--- START ---

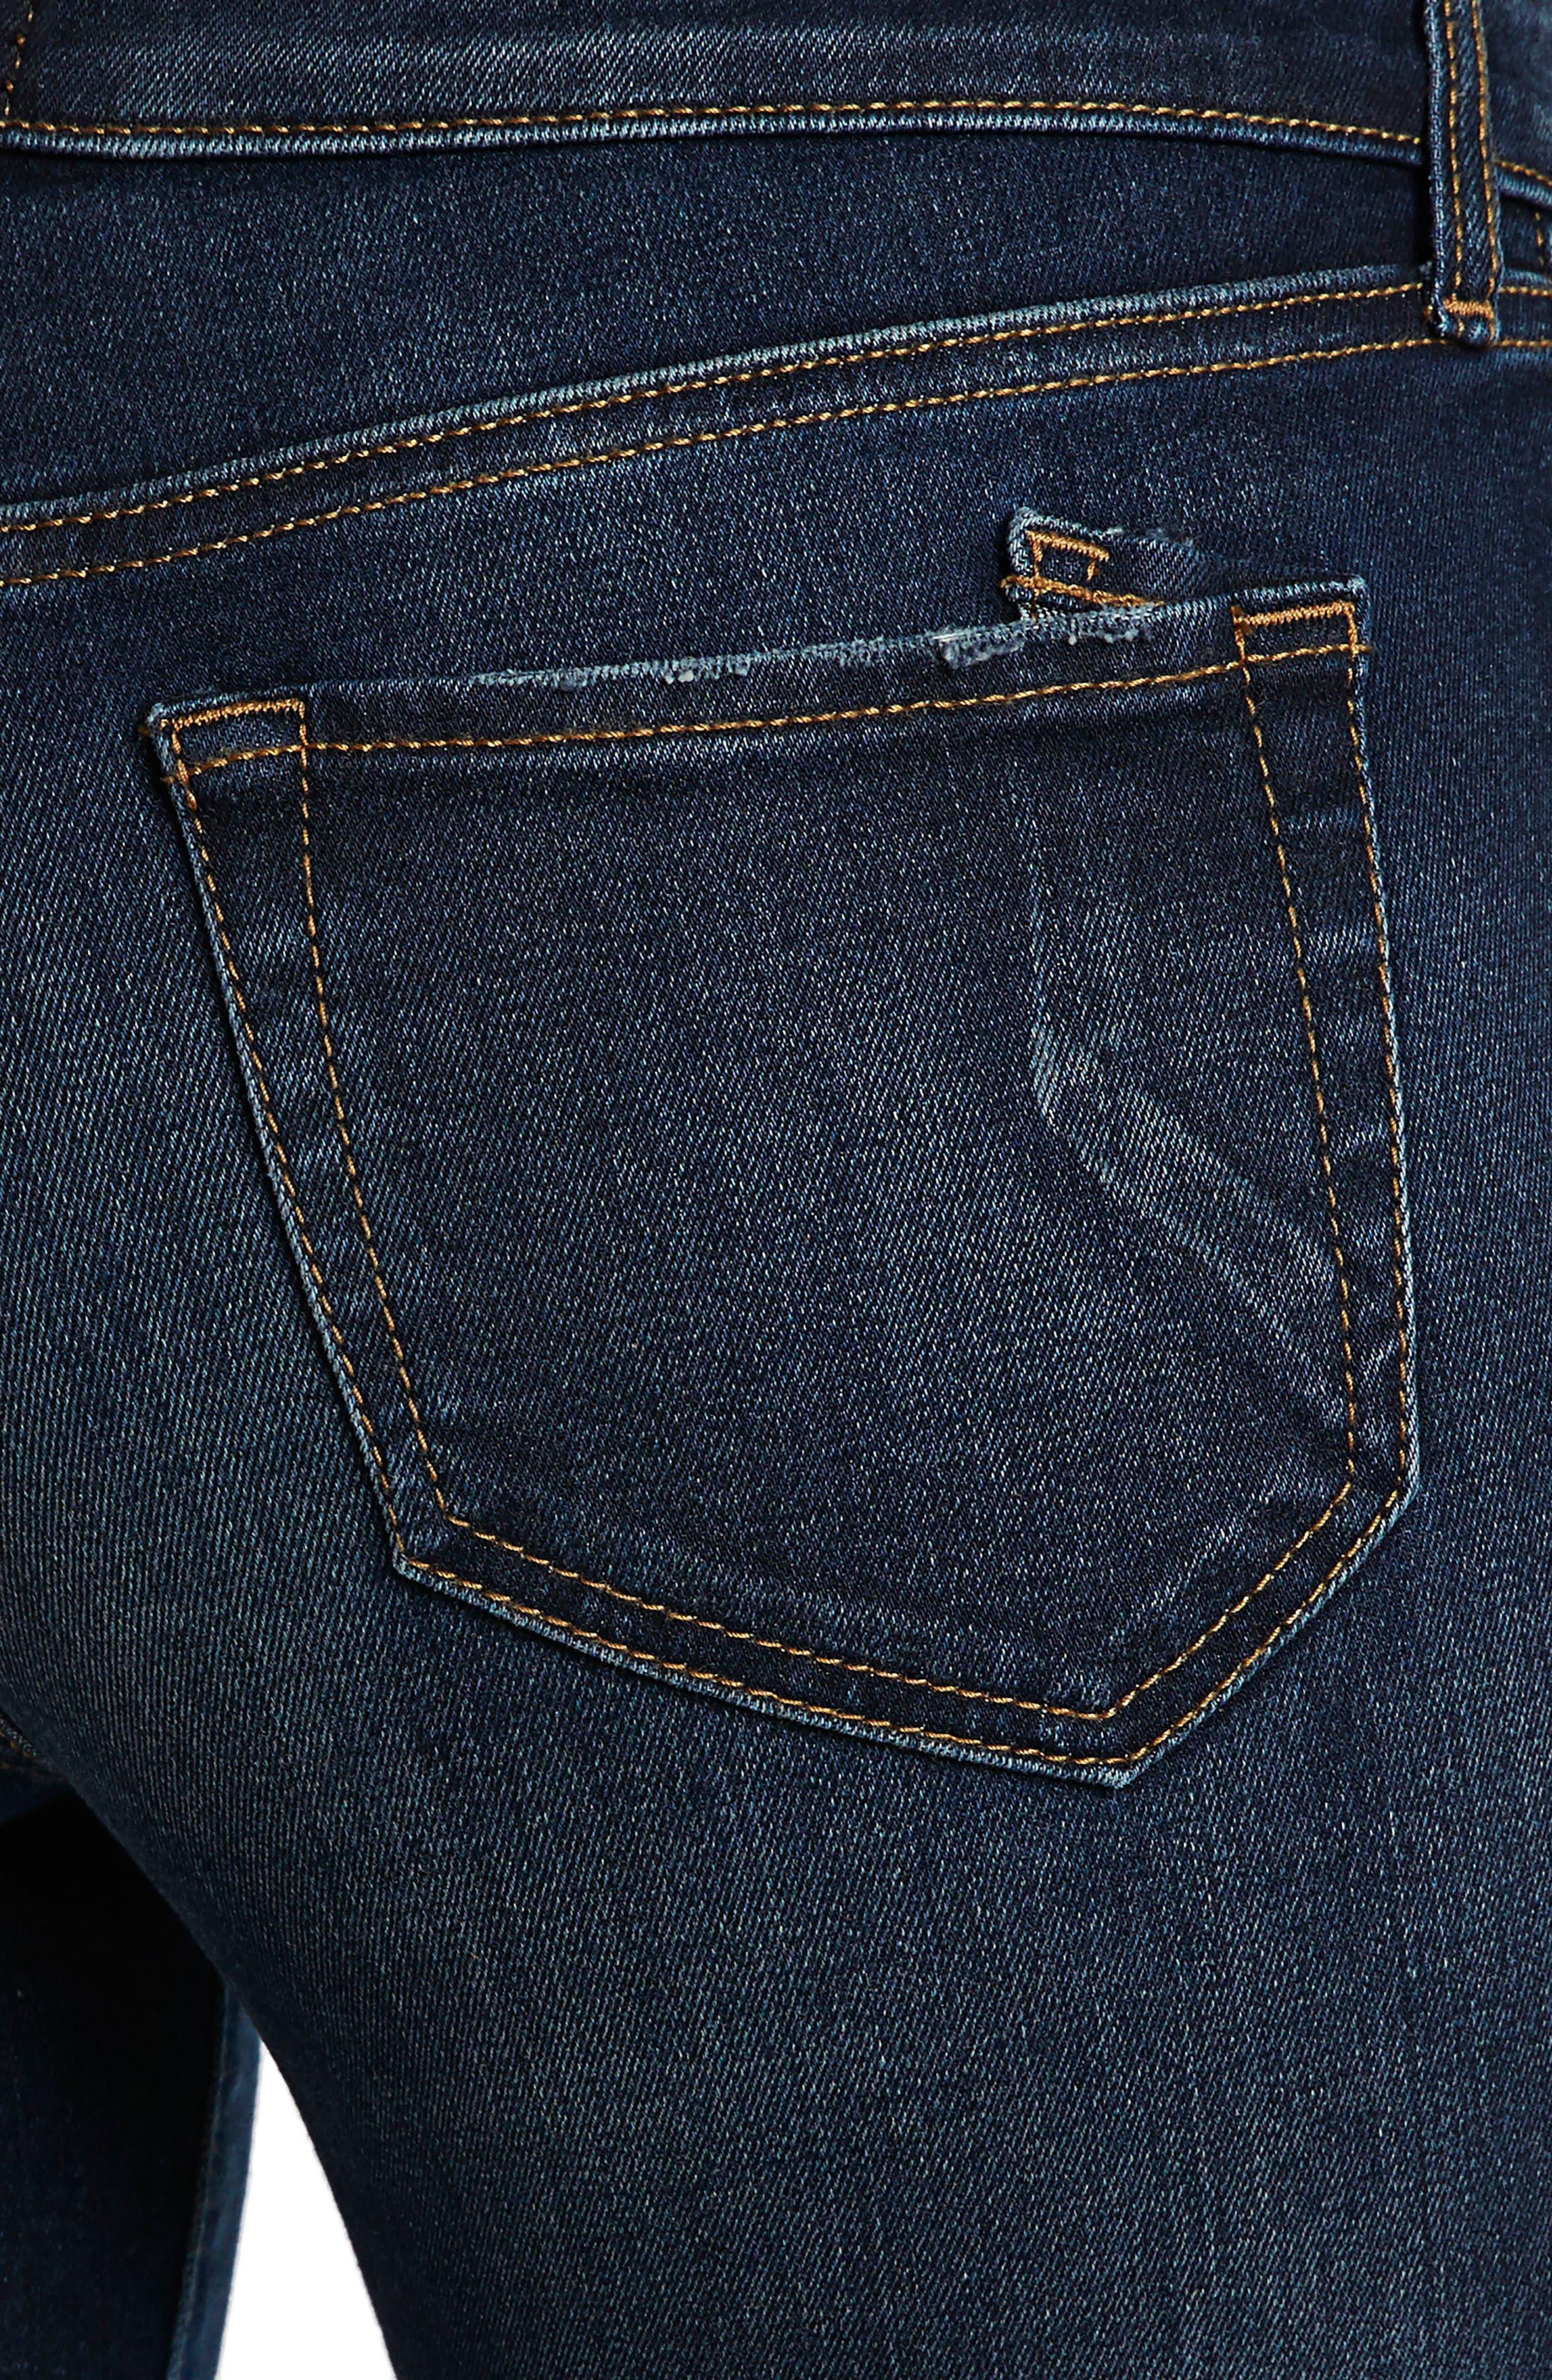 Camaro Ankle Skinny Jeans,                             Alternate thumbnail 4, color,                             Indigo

--- END ---
--- START ---

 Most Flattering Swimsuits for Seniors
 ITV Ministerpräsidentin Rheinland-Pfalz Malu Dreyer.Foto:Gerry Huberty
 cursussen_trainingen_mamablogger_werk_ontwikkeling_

--- END ---

Give again, word for word, every line of the listing above from the one with "Most Flattering Swimsuits for Seniors" to the one with "cursussen_trainingen_mamablogger_werk_ontwikkeling_", both inclusive, and nothing beyond them.

EXERCISE OUTPUT:
 Most Flattering Swimsuits for Seniors
 ITV Ministerpräsidentin Rheinland-Pfalz Malu Dreyer.Foto:Gerry Huberty
 cursussen_trainingen_mamablogger_werk_ontwikkeling_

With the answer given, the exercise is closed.